GIVEN MATERIAL:
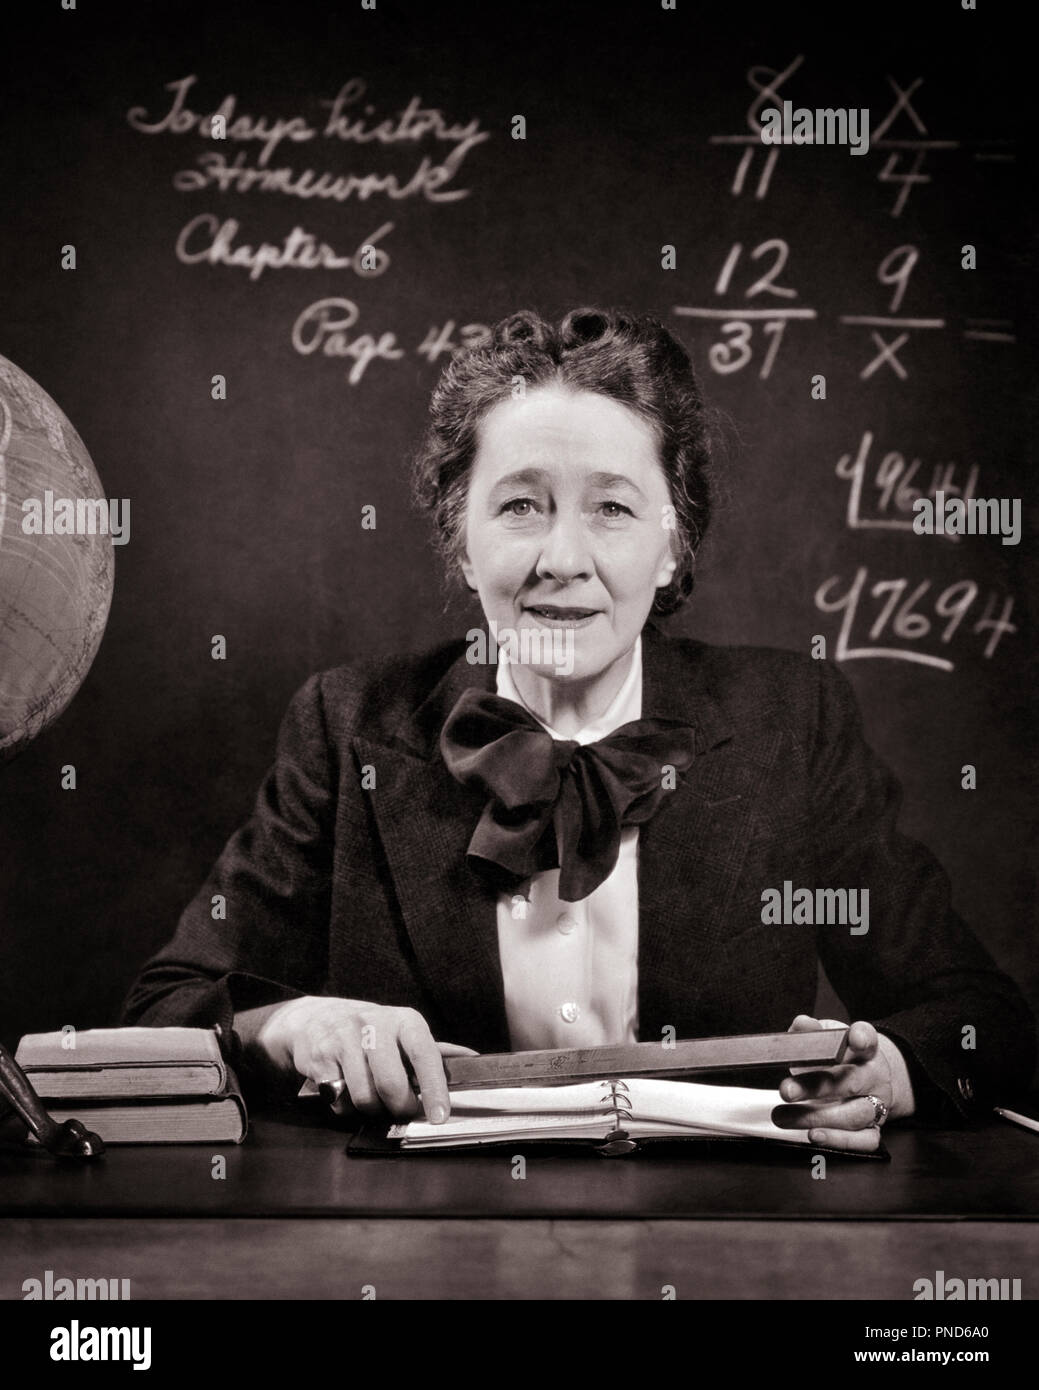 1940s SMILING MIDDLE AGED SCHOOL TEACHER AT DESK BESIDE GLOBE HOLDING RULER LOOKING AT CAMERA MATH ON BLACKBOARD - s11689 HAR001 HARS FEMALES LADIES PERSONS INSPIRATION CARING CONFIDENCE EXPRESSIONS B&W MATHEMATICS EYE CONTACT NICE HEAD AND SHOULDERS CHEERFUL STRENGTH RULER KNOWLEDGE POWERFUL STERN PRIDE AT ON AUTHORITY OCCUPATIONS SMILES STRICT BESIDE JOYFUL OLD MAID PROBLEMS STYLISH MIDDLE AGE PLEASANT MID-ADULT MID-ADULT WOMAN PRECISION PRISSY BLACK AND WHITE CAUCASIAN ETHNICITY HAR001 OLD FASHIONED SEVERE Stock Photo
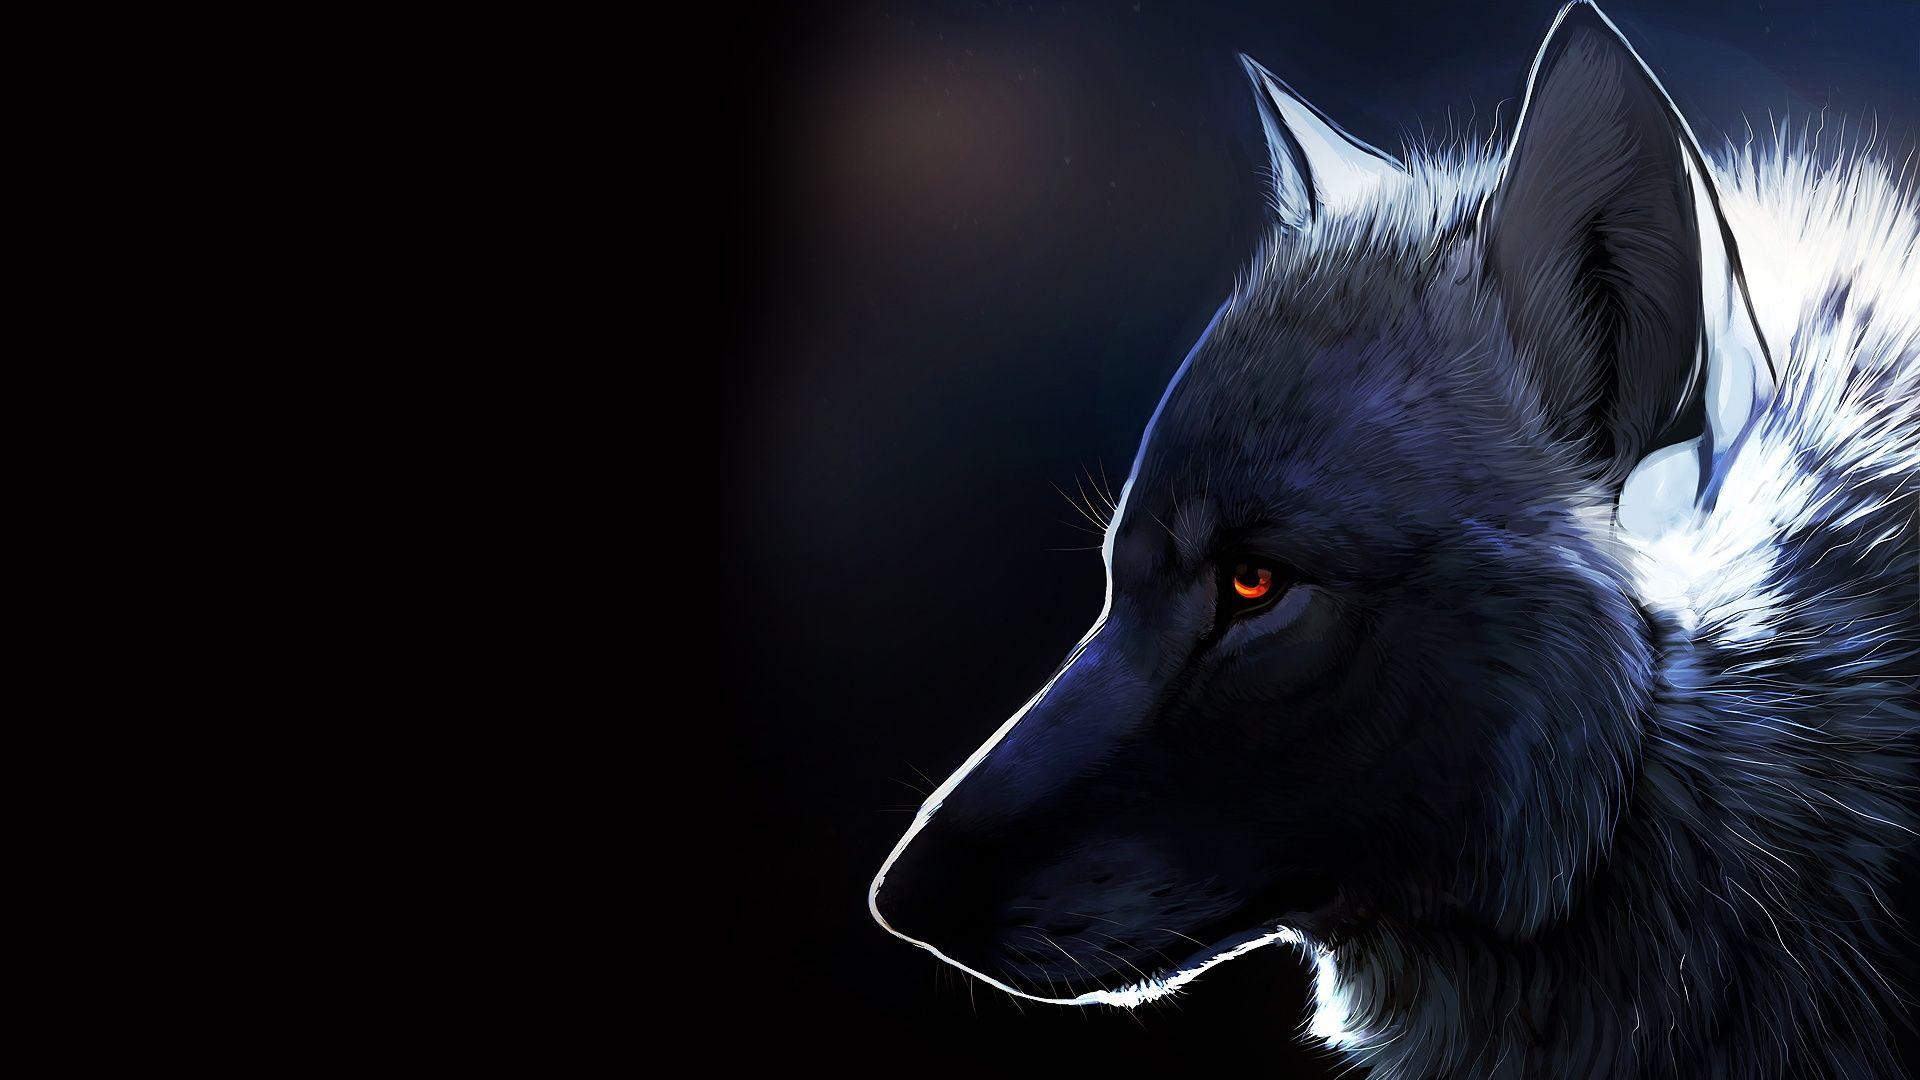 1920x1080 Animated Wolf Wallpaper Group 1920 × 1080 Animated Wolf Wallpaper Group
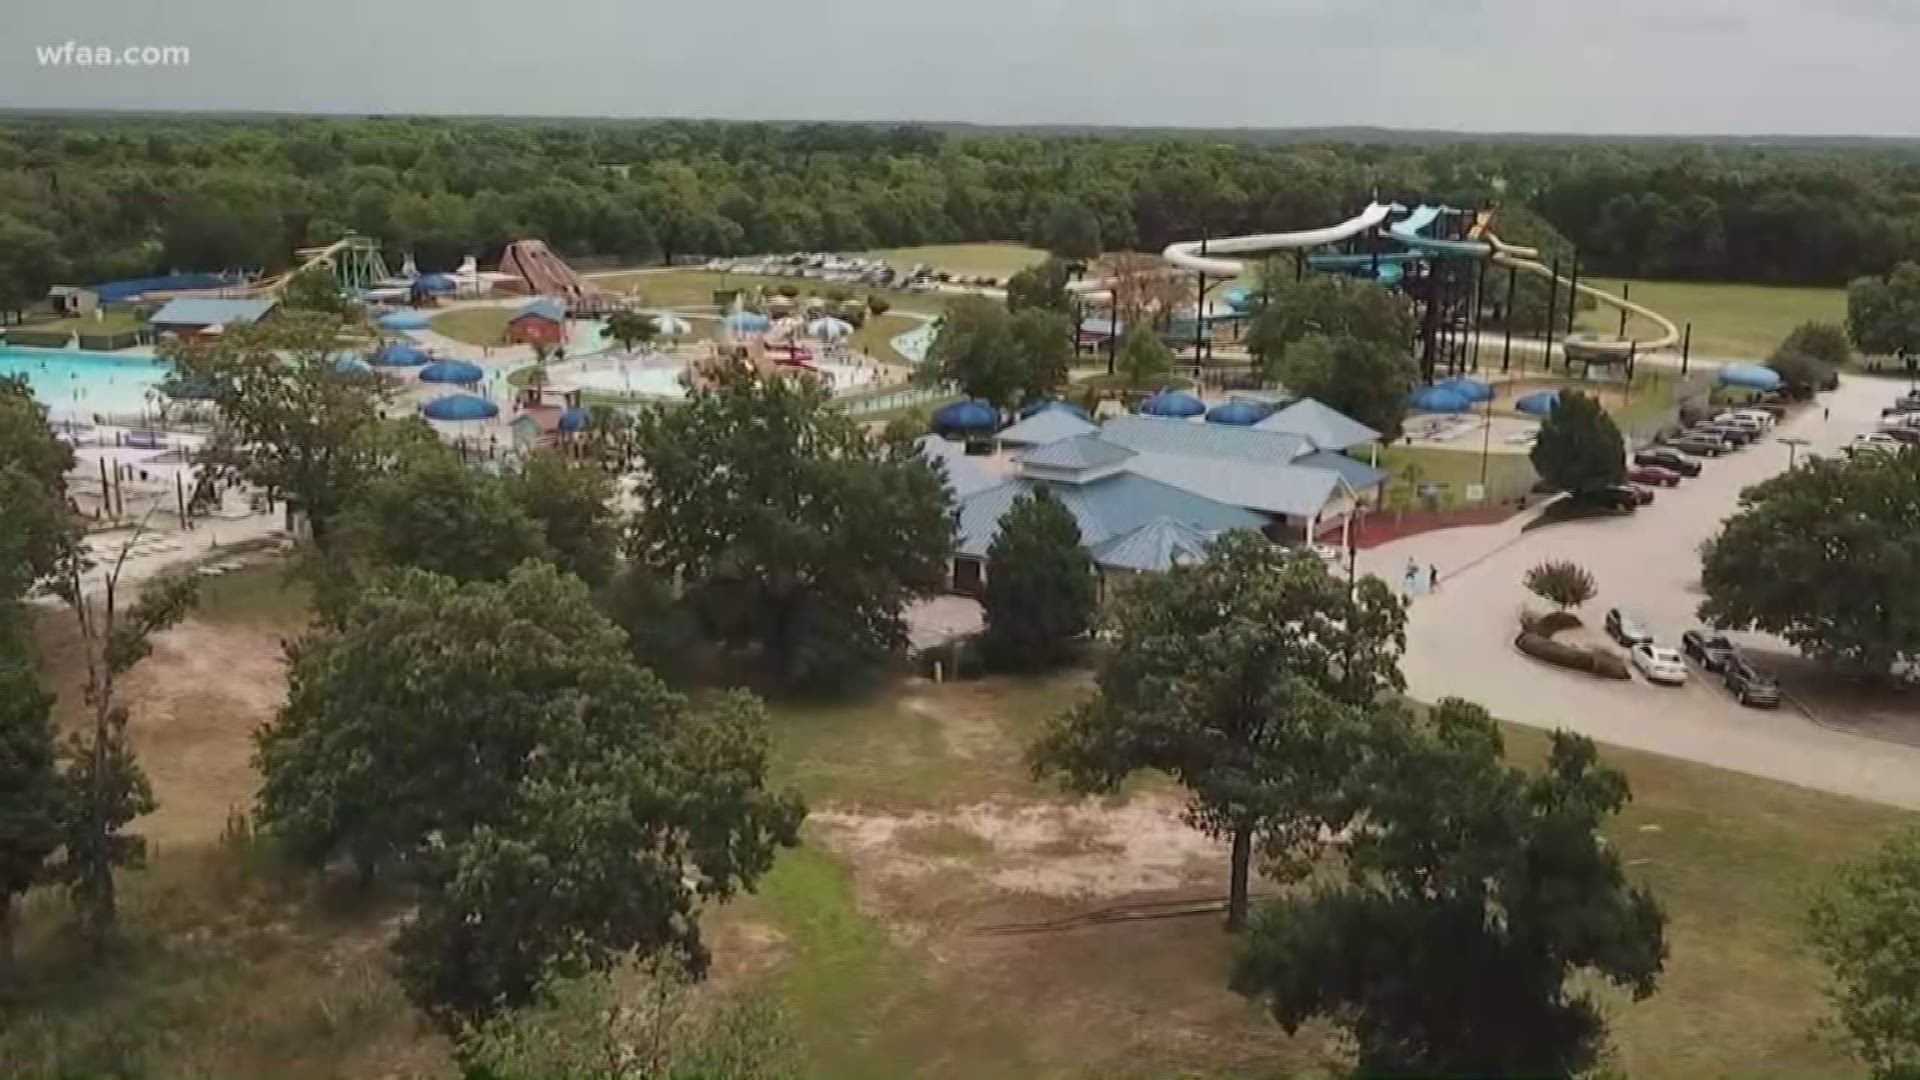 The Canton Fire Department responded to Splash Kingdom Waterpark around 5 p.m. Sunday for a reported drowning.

TASK TO COMPLETE: Print the material verbatim; drop the pictures.

SOLUTION TO THIS PROBLEM:
 1940s SMILING MIDDLE AGED SCHOOL TEACHER AT DESK BESIDE GLOBE HOLDING RULER LOOKING AT CAMERA MATH ON BLACKBOARD - s11689 HAR001 HARS FEMALES LADIES PERSONS INSPIRATION CARING CONFIDENCE EXPRESSIONS B&W MATHEMATICS EYE CONTACT NICE HEAD AND SHOULDERS CHEERFUL STRENGTH RULER KNOWLEDGE POWERFUL STERN PRIDE AT ON AUTHORITY OCCUPATIONS SMILES STRICT BESIDE JOYFUL OLD MAID PROBLEMS STYLISH MIDDLE AGE PLEASANT MID-ADULT MID-ADULT WOMAN PRECISION PRISSY BLACK AND WHITE CAUCASIAN ETHNICITY HAR001 OLD FASHIONED SEVERE Stock Photo
 1920x1080 Animated Wolf Wallpaper Group 1920 × 1080 Animated Wolf Wallpaper Group
 The Canton Fire Department responded to Splash Kingdom Waterpark around 5 p.m. Sunday for a reported drowning.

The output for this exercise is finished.